== Exercise prompt ==
Once the line holding "Monsters line icon" is found in the entries below, transcribe exactly every line up to and including the one holding "NorthShore MagicSorb Air", but leave out the pictures.

== Input data ==

::::::::::

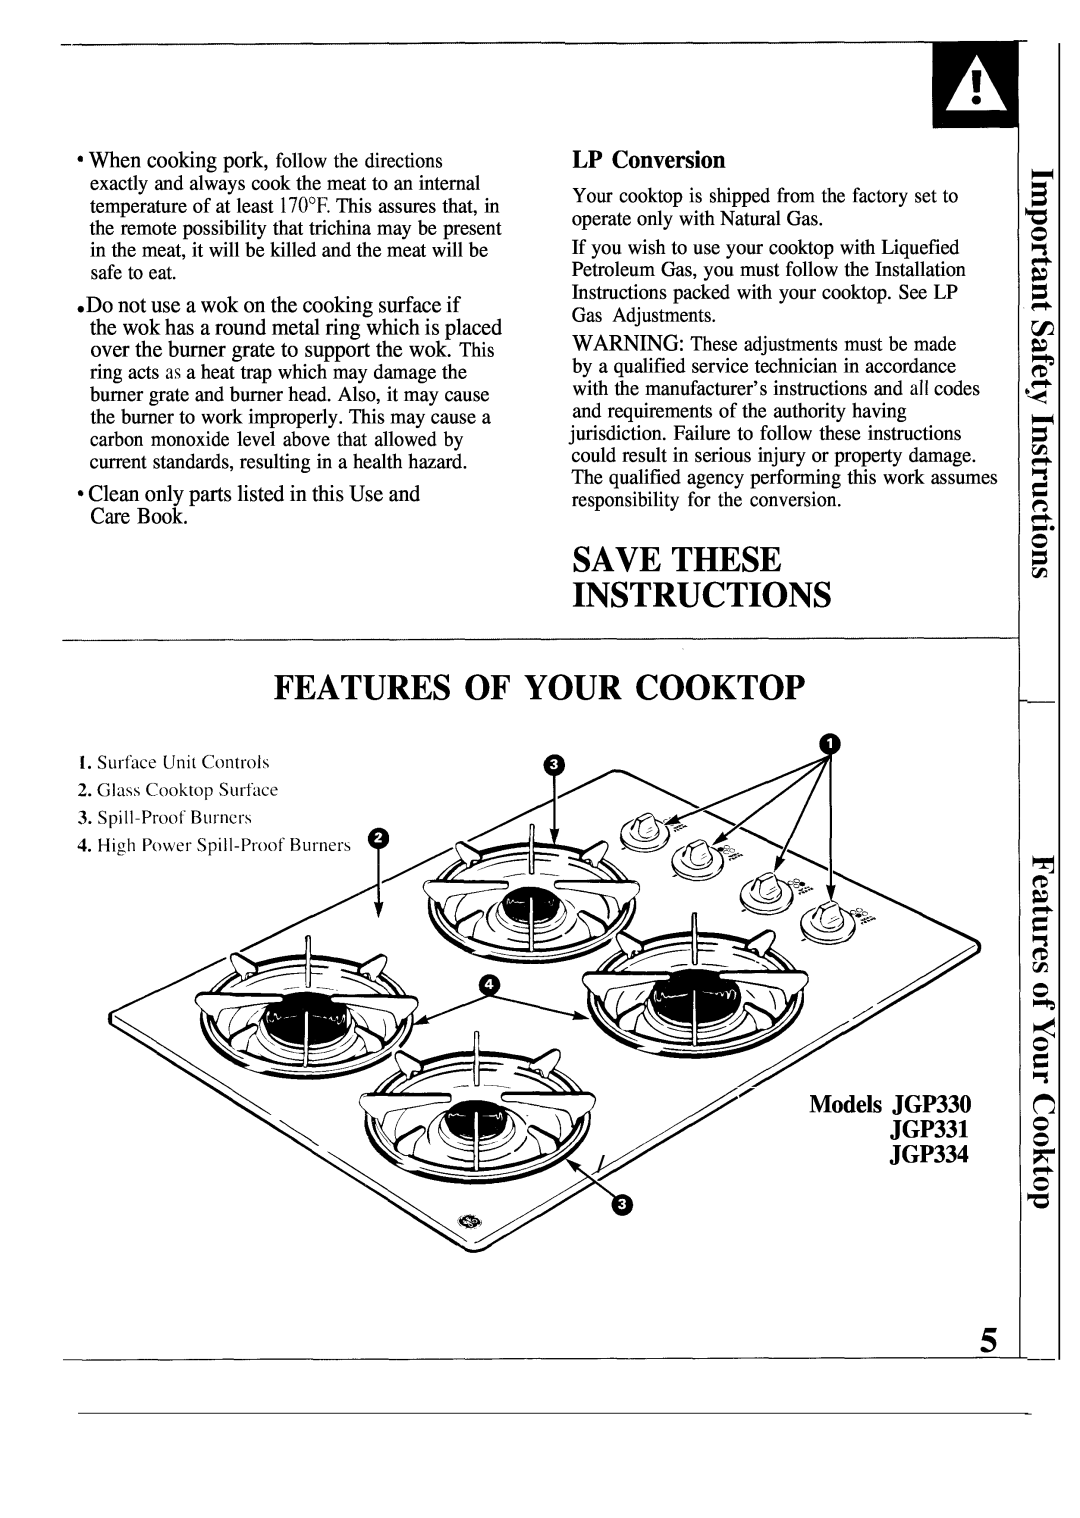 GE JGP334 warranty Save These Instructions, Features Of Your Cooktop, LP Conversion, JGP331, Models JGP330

::::::::::

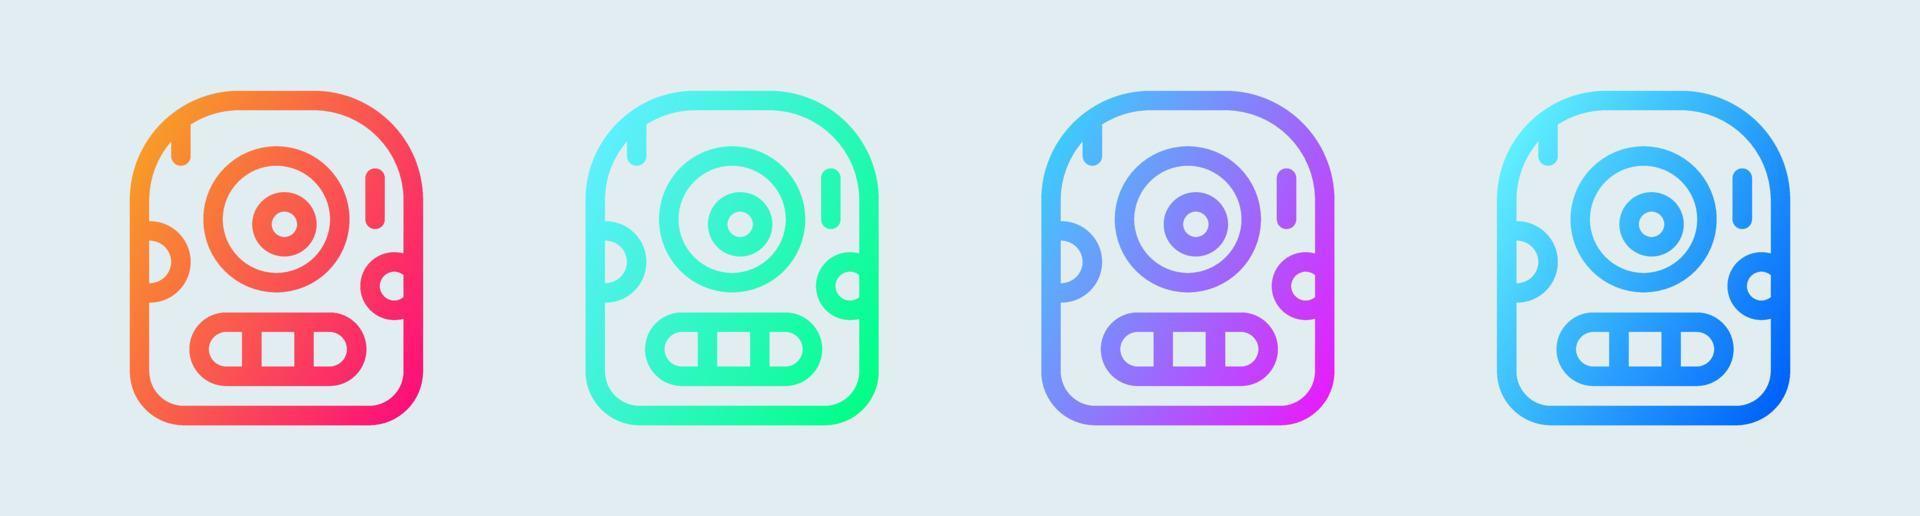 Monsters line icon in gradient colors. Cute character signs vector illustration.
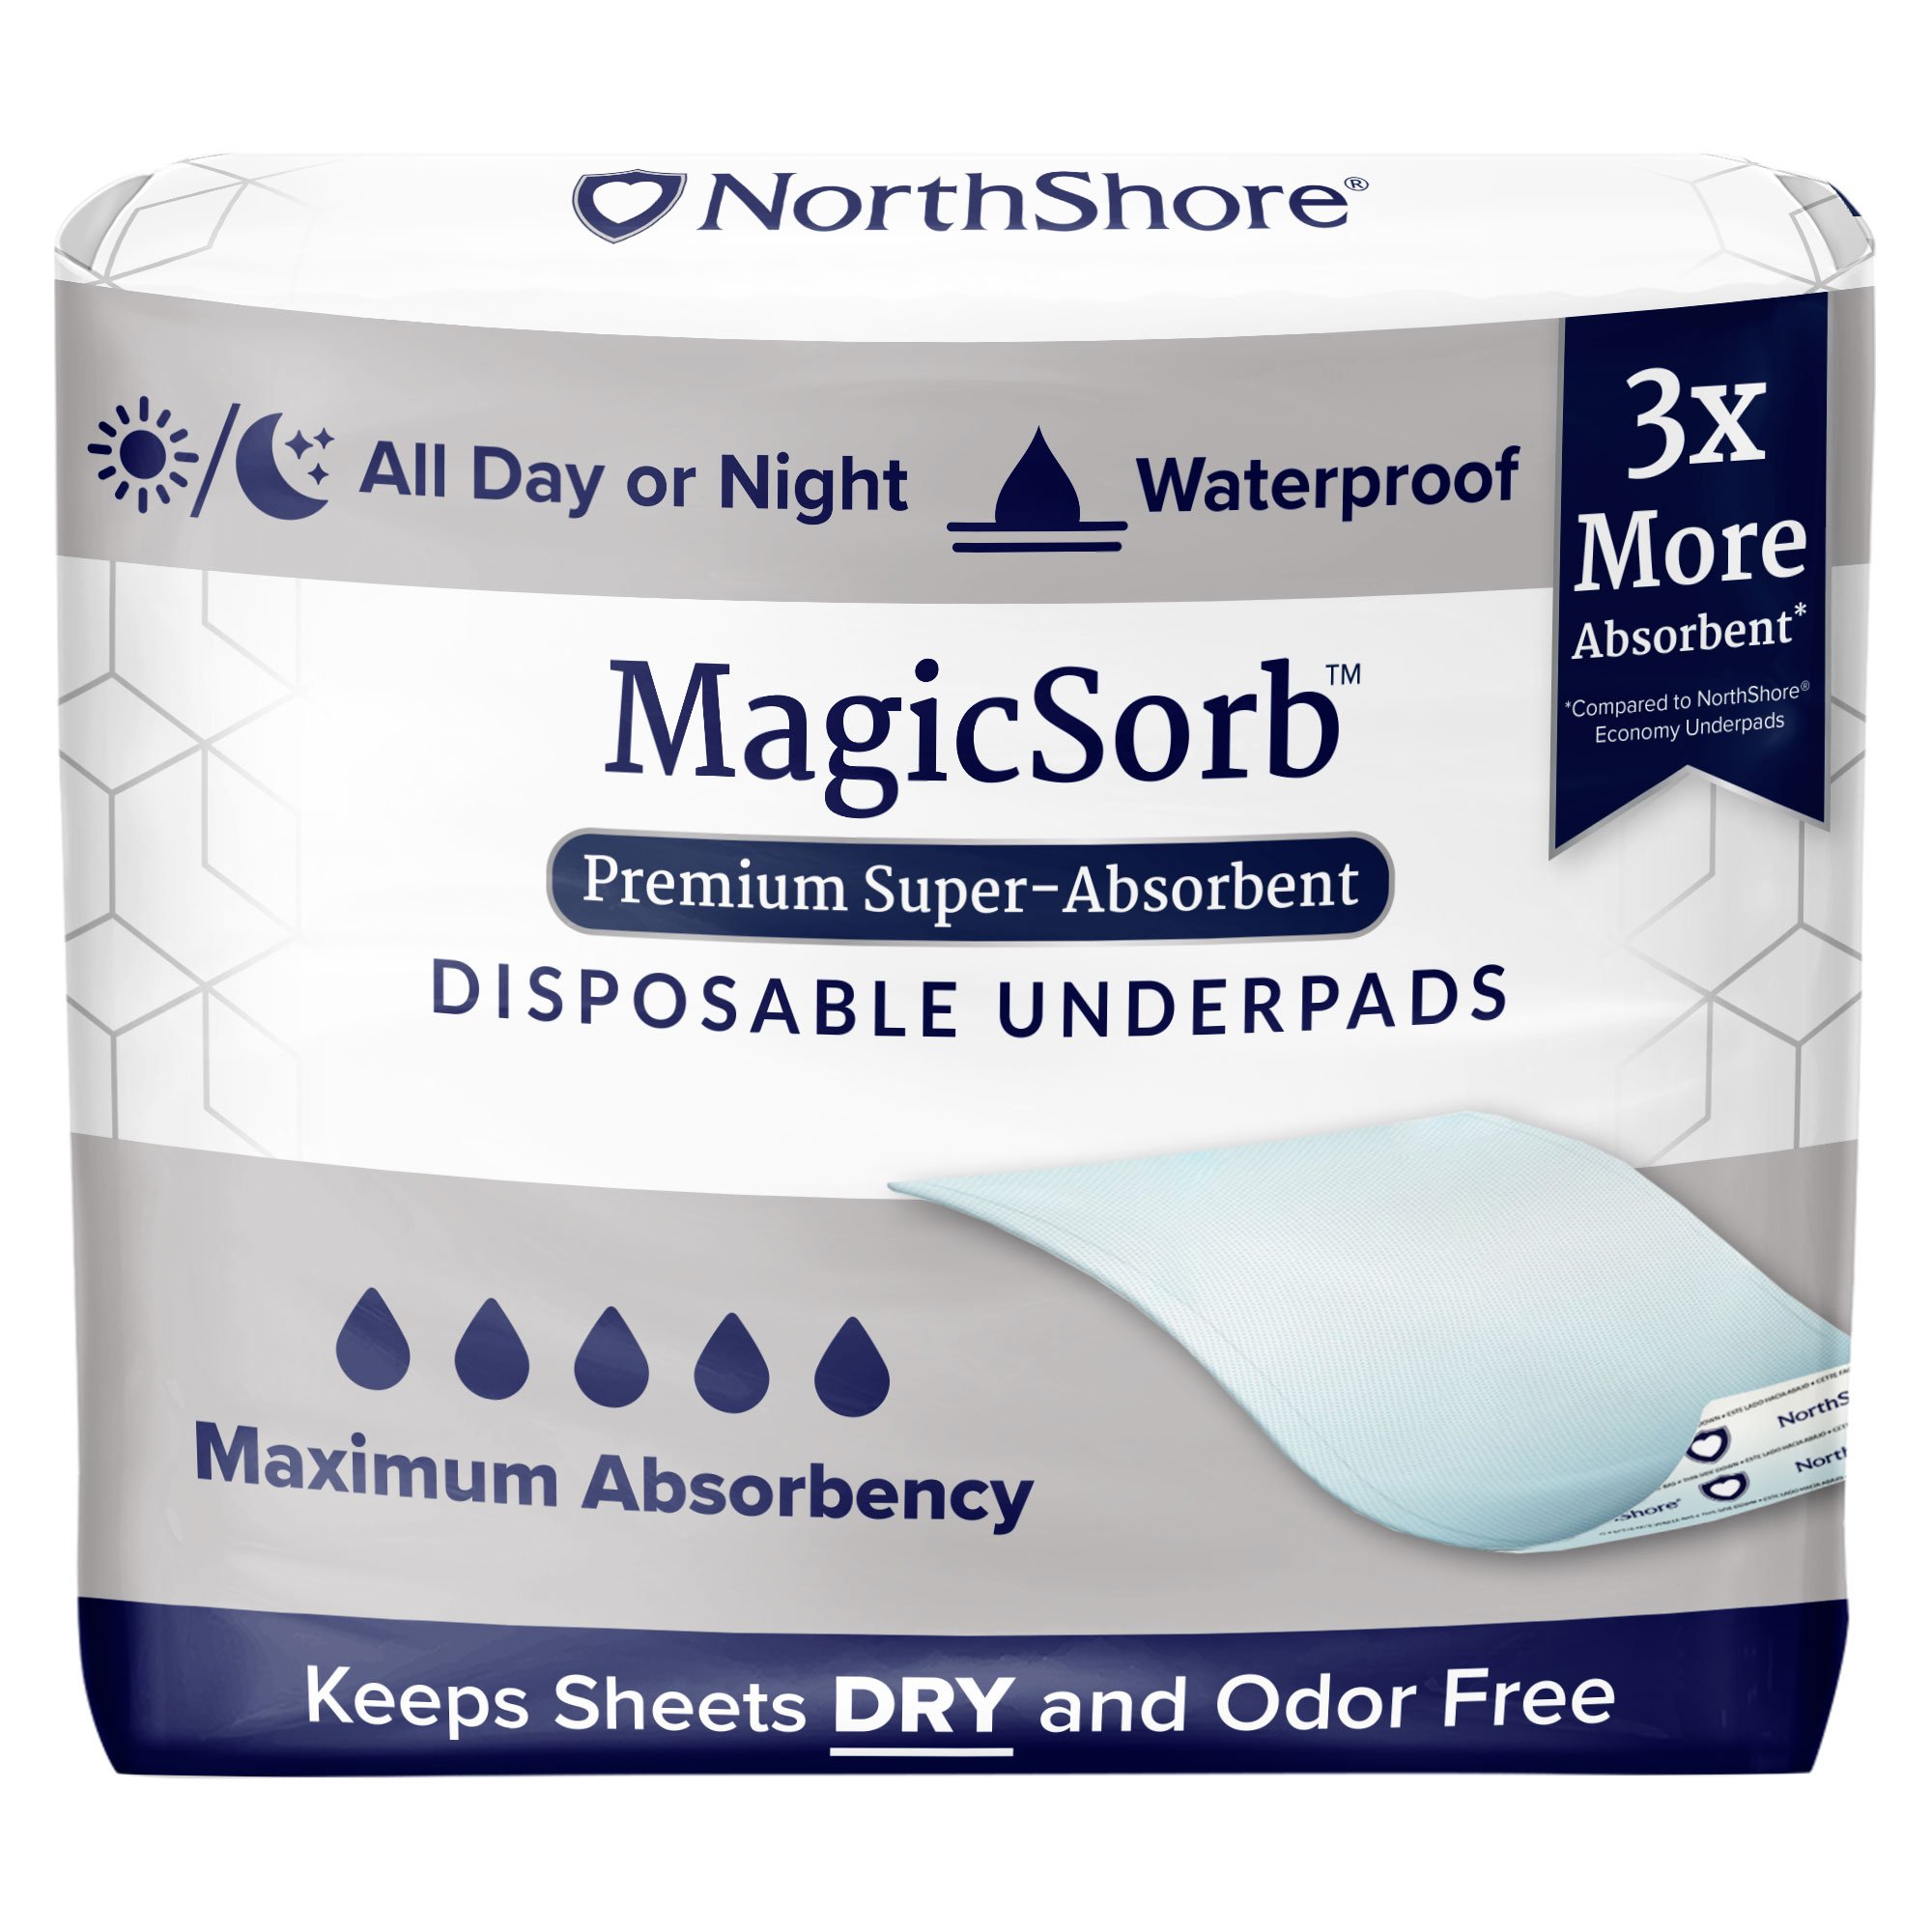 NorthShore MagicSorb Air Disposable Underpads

::::::::::

== Solution ==
 Monsters line icon in gradient colors. Cute character signs vector illustration.
 NorthShore MagicSorb Air Disposable Underpads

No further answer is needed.